大二下实训课结业作业,想着就爬个工作信息,原本是要用python的,后面想想就用java试试看,
java就自学了一个月左右,想要锻炼一下自己面向对象的思想等等的,
然后网上转了一圈,拉钩什么的是动态生成的网页,51job是静态网页,比较方便,就决定爬51job了。
参考https://blog.csdn.net/qq_42982169/article/details/83155040,改了许多地方,方便模块化,加了保存的功能
前提:
创建Maven Project方便包管理
使用httpclient 3.1以及jsoup1.8.3作为爬取网页和筛选信息的包,这两个版本用的人多。
mysql-connect-java 8.0.13用来将数据导入数据库,支持mysql8.0+
分析使用,tablesaw(可选,会用的就行)
“大数据+上海”以此URL为例子,只要是类似的URL都可行
https://search.51job.com/list/020000,000000,0000,00,9,99,%25E5%25A4%25A7%25E6%2595%25B0%25E6%258D%25AE,2,1.html?lang=c&stype=&postchannel=0000&workyear=99&cotype=99°reefrom=99&jobterm=99&companysize=99&providesalary=99&lonlat=0%2C0&radius=-1&ord_field=0&confirmdate=9&fromType=&dibiaoid=0&address=&line=&specialarea=00&from=&welfare=
先设计了个大概的功能,修改了好几版,最后觉得这样思路比较清晰,以JobBean容器作为所有功能的媒介
先完成爬取网页,以及保存到本地
创建JobBean对象
public class JobBean {
private String jobName;
private String company;
private String address;
private String salary;
private String date;
private String jobURL;
public JobBean(String jobName, String company, String address, String salary, String date, String jobURL) {
this.jobName = jobName;
this.company = company;
this.address = address;
this.salary = salary;
this.date = date;
this.jobURL = jobURL;
}
@Override
public String toString() {
return "jobName=" + jobName + ", company=" + company + ", address=" + address + ", salary=" + salary
+ ", date=" + date + ", jobURL=" + jobURL;
}
public String getJobName() {
return jobName;
}
public void setJobName(String jobName) {
this.jobName = jobName;
}
public String getCompany() {
return company;
}
public void setCompany(String company) {
this.company = company;
}
public String getAddress() {
return address;
}
public void setAddress(String address) {
this.address = address;
}
public String getSalary() {
return salary;
}
public void setSalary(String salary) {
this.salary = salary;
}
public String getDate() {
return date;
}
public void setDate(String date) {
this.date = date;
}
public String getJobURL() {
return jobURL;
}
public void setJobURL(String jobURL) {
this.jobURL = jobURL;
}
}
然后写一个用于保存容器的工具类,这样在任何阶段都可以保存容器
import java.io.*;
import java.util.*;
/**实现
* 1。

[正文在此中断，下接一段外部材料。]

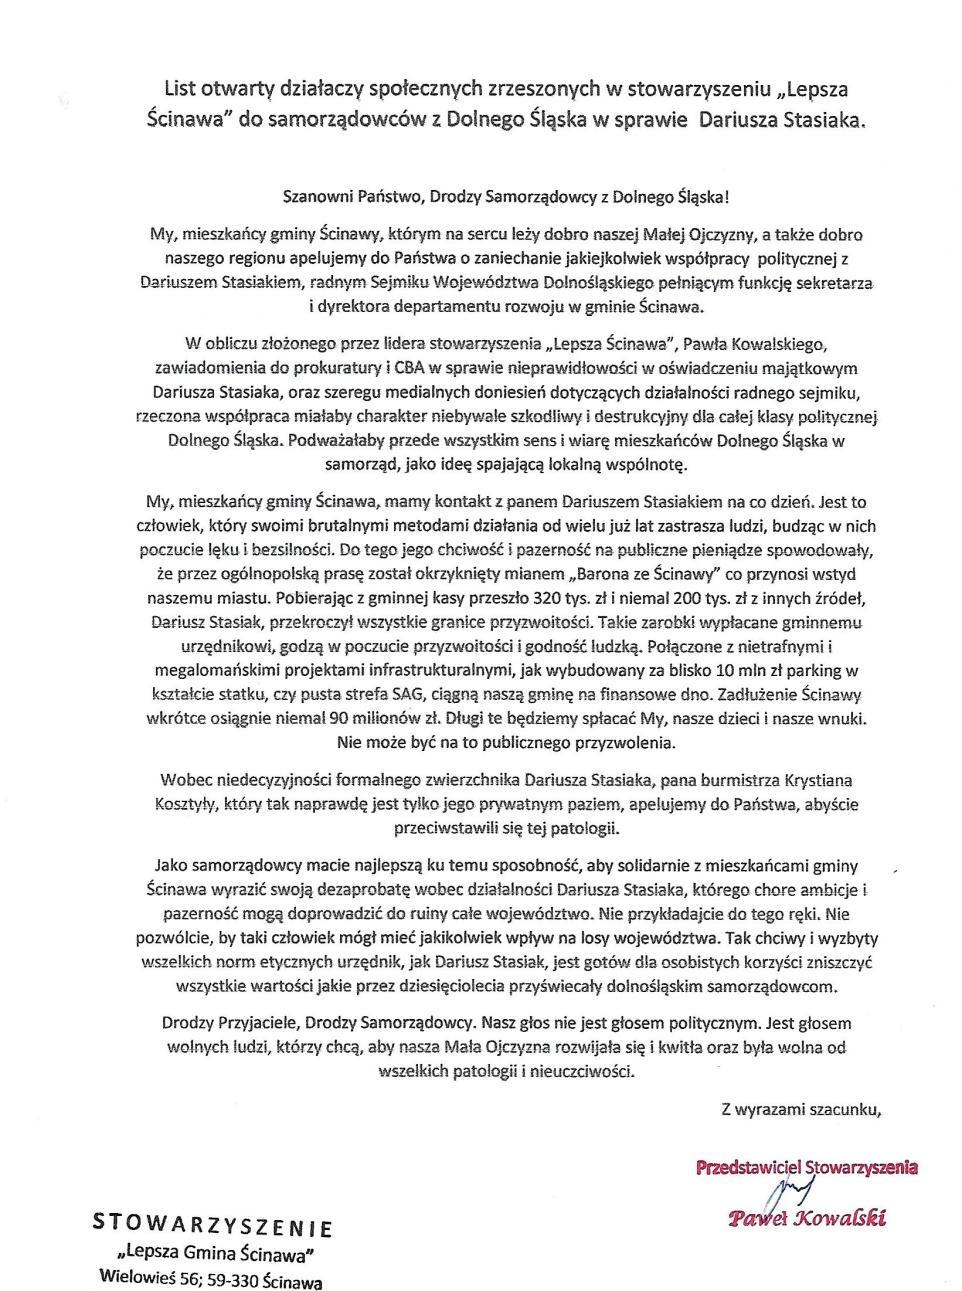 https://wroclawskiefakty.pl/wp-content/uploads/2021/03/APEL-DO-SAM....jpg

将JobBean容器存入本地
* 2.从本地文件读入文件为JobBean容器(有筛选)
* @author PowerZZJ
*
*/
public class JobBeanUtils {
/**保存JobBean到本地功能实现
* @param job
*/
public static void saveJobBean(JobBean job) {
try(BufferedWriter bw =
new BufferedWriter(
new FileWriter("JobInfo.txt",true))){
String jobInfo = job.toString();
bw.write(jobInfo);
bw.newLine();
bw.flush();
}catch(Exception e) {
System.out.println("保存JobBean失败");
e.printStackTrace();
}
}
/**保存JobBean容器到本地功能实现
* @param jobBeanList JobBean容器
*/
public static void saveJobBeanList(List<JobBean> jobBeanList) {
System.out.println("正在备份容器到本地");
for(JobBean jobBean : jobBeanList) {
saveJobBean(jobBean);
}
System.out.println("备份完成,一共"+jobBeanList.size()+"条信息");
}
/**从本地文件读入文件为JobBean容器(有筛选)
* @return jobBean容器
*/
public static List<JobBean> loadJobBeanList(){
List<JobBean> jobBeanList = new ArrayList<>();
try(BufferedReader br =
new BufferedReader(
new FileReader("JobInfo.txt"))){
String str = null;
while((str=br.readLine())!=null) {
//筛选,有些公司名字带有","不规范,直接跳过
try {
String[] datas = str.split(",");
String jobName = datas[0].substring(8);
String company = datas[1].substring(9);
String address = datas[2].substring(9);
String salary = datas[3].substring(8);
String date = datas[4].substring(6);
String jobURL = datas[5].substring(8);
//筛选,全部都不为空,工资是个区间,URL以https开头,才建立JobBean
if (jobName.equals("") || company.equals("") || address.equals("") || salary.equals("")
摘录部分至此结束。